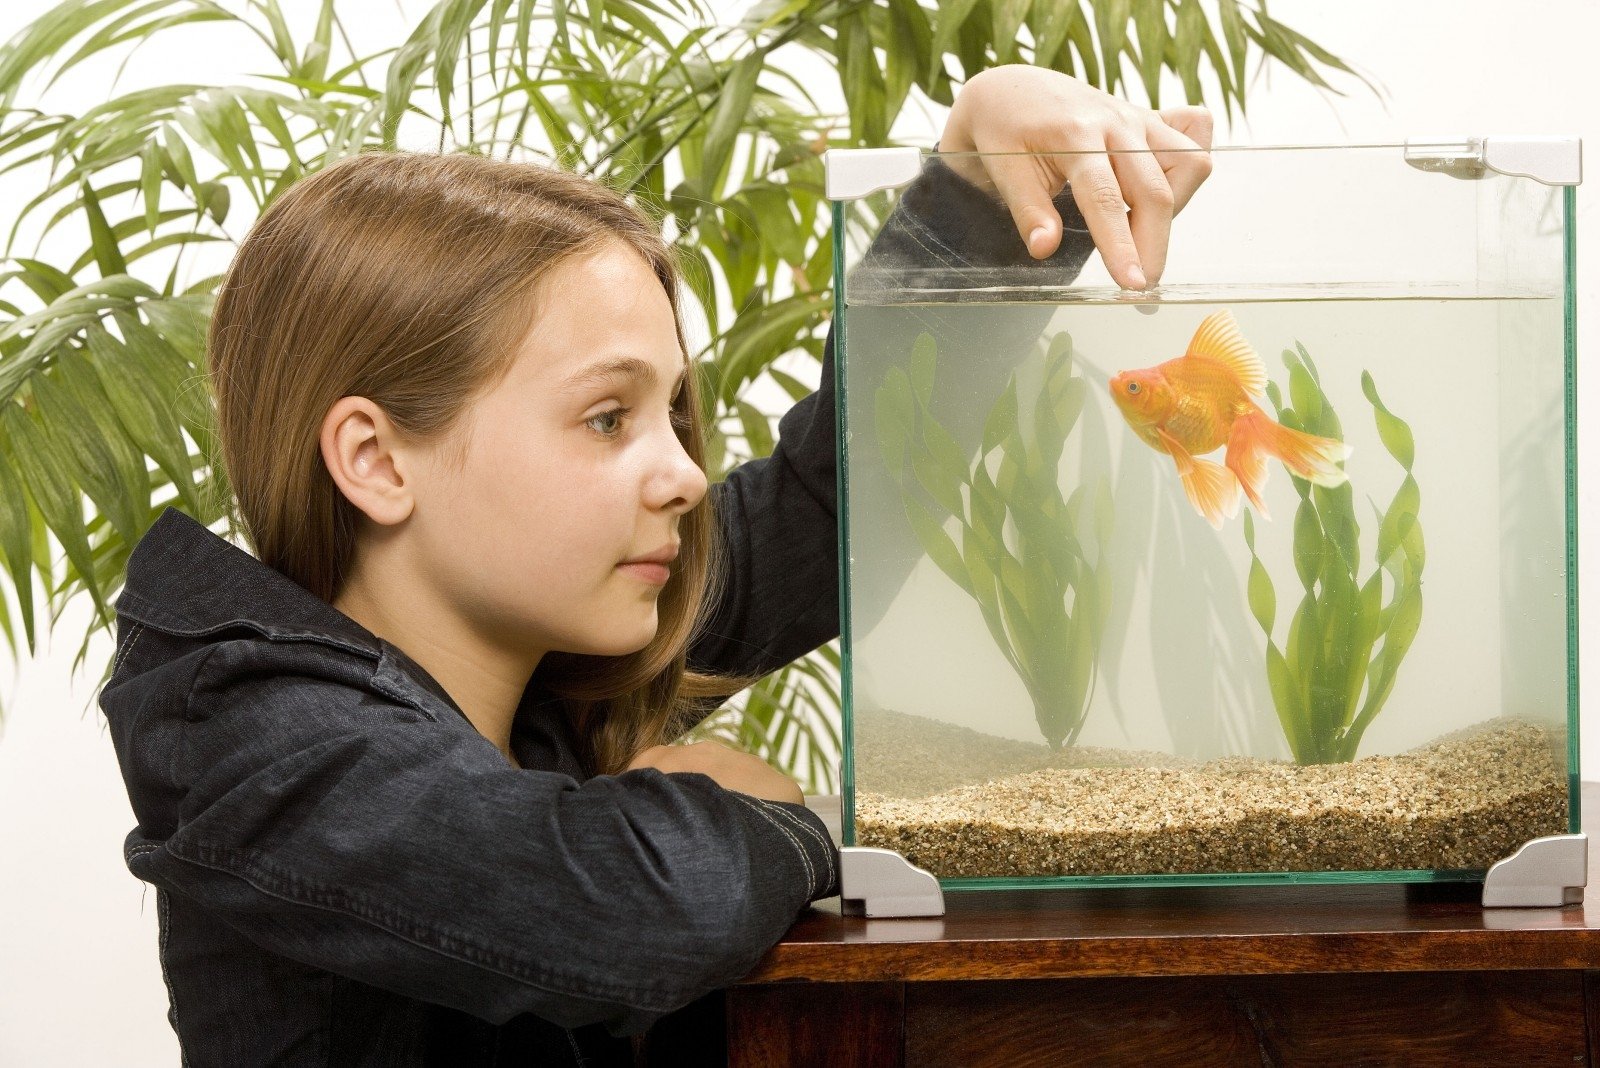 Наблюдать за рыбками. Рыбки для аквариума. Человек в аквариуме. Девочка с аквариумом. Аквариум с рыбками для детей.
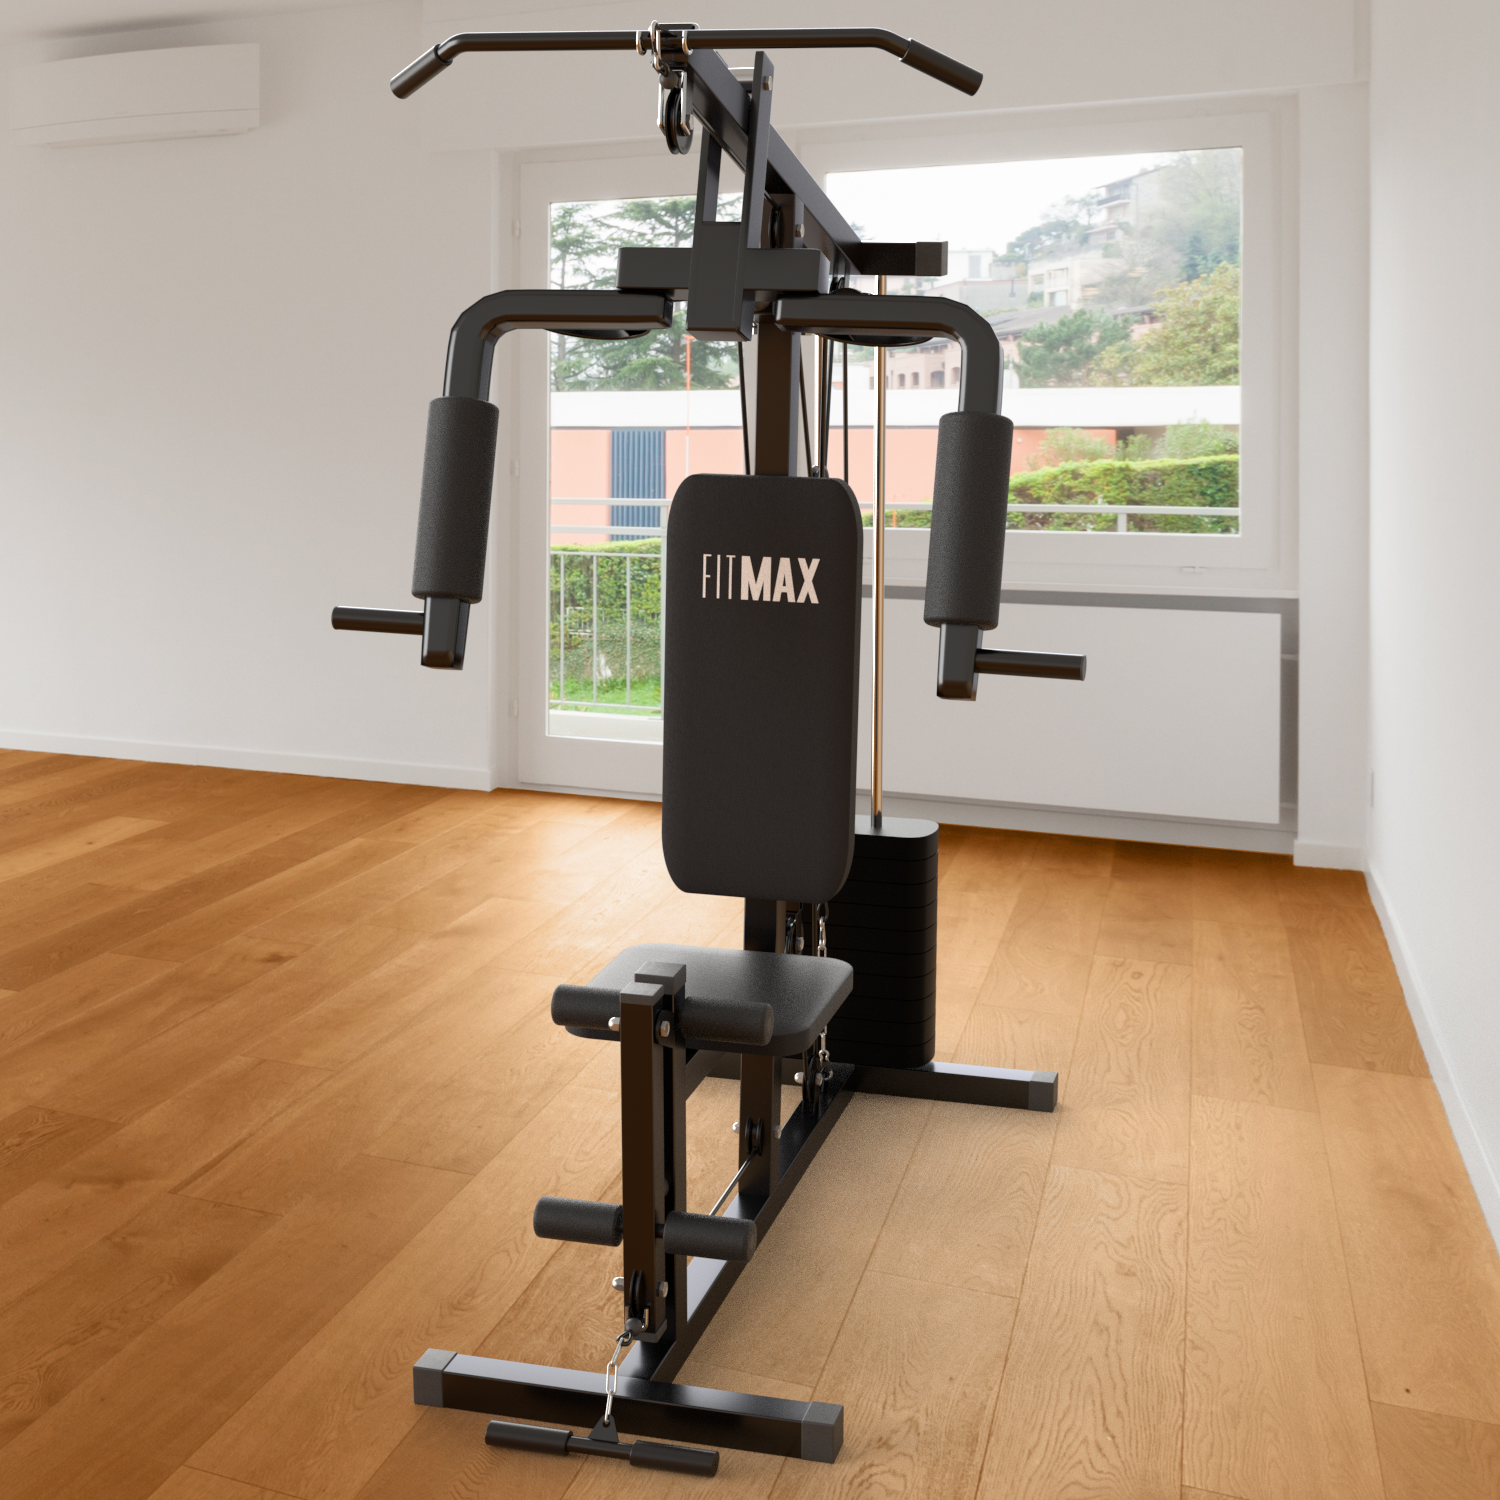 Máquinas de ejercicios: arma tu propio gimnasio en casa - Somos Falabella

══════

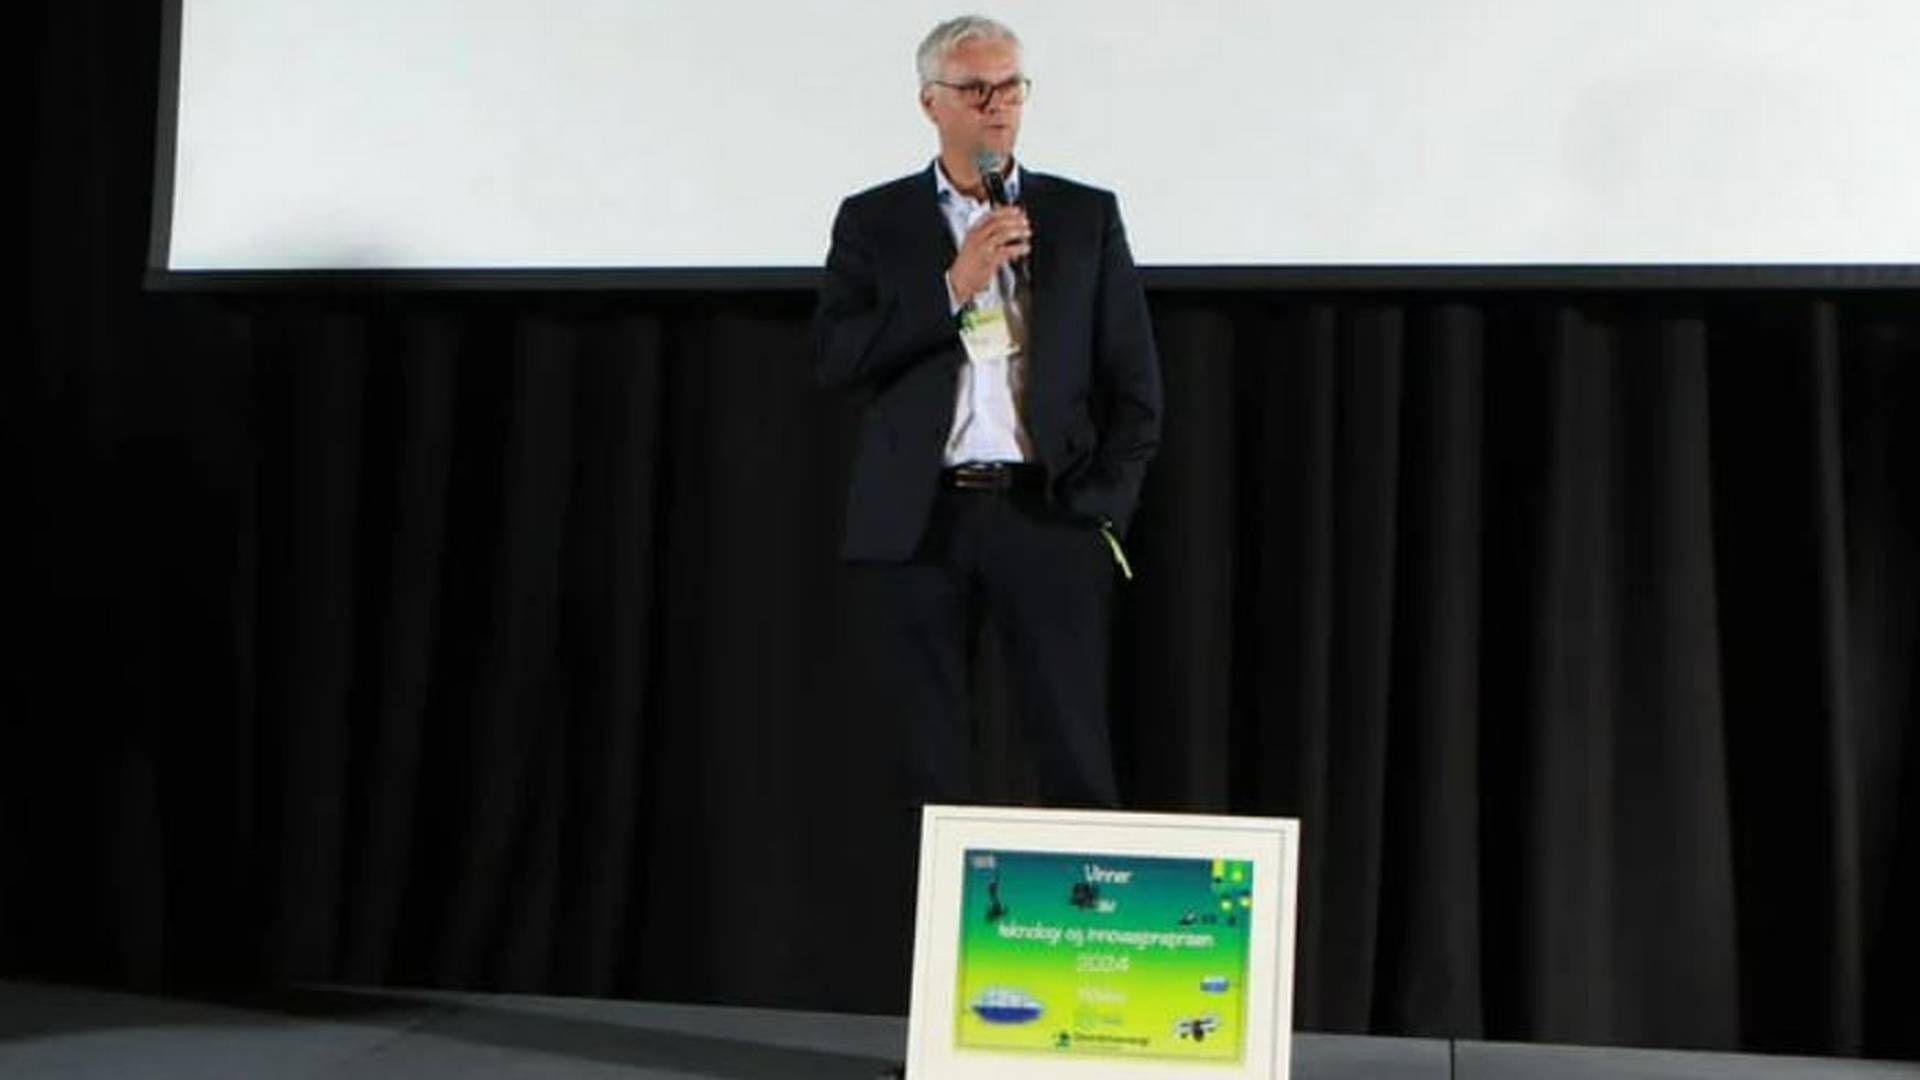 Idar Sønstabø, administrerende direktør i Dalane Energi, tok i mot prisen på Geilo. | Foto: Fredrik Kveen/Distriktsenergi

══════

= Brief =
Leaving every picture aside, reproduce exactly the lines above from the one with "Наблюдать за рыбками." up to and including the one with "Máquinas de ejercicios: arma", and no others.

= Answer to the exercise =
 Наблюдать за рыбками. Рыбки для аквариума. Человек в аквариуме. Девочка с аквариумом. Аквариум с рыбками для детей.
 Máquinas de ejercicios: arma tu propio gimnasio en casa - Somos Falabella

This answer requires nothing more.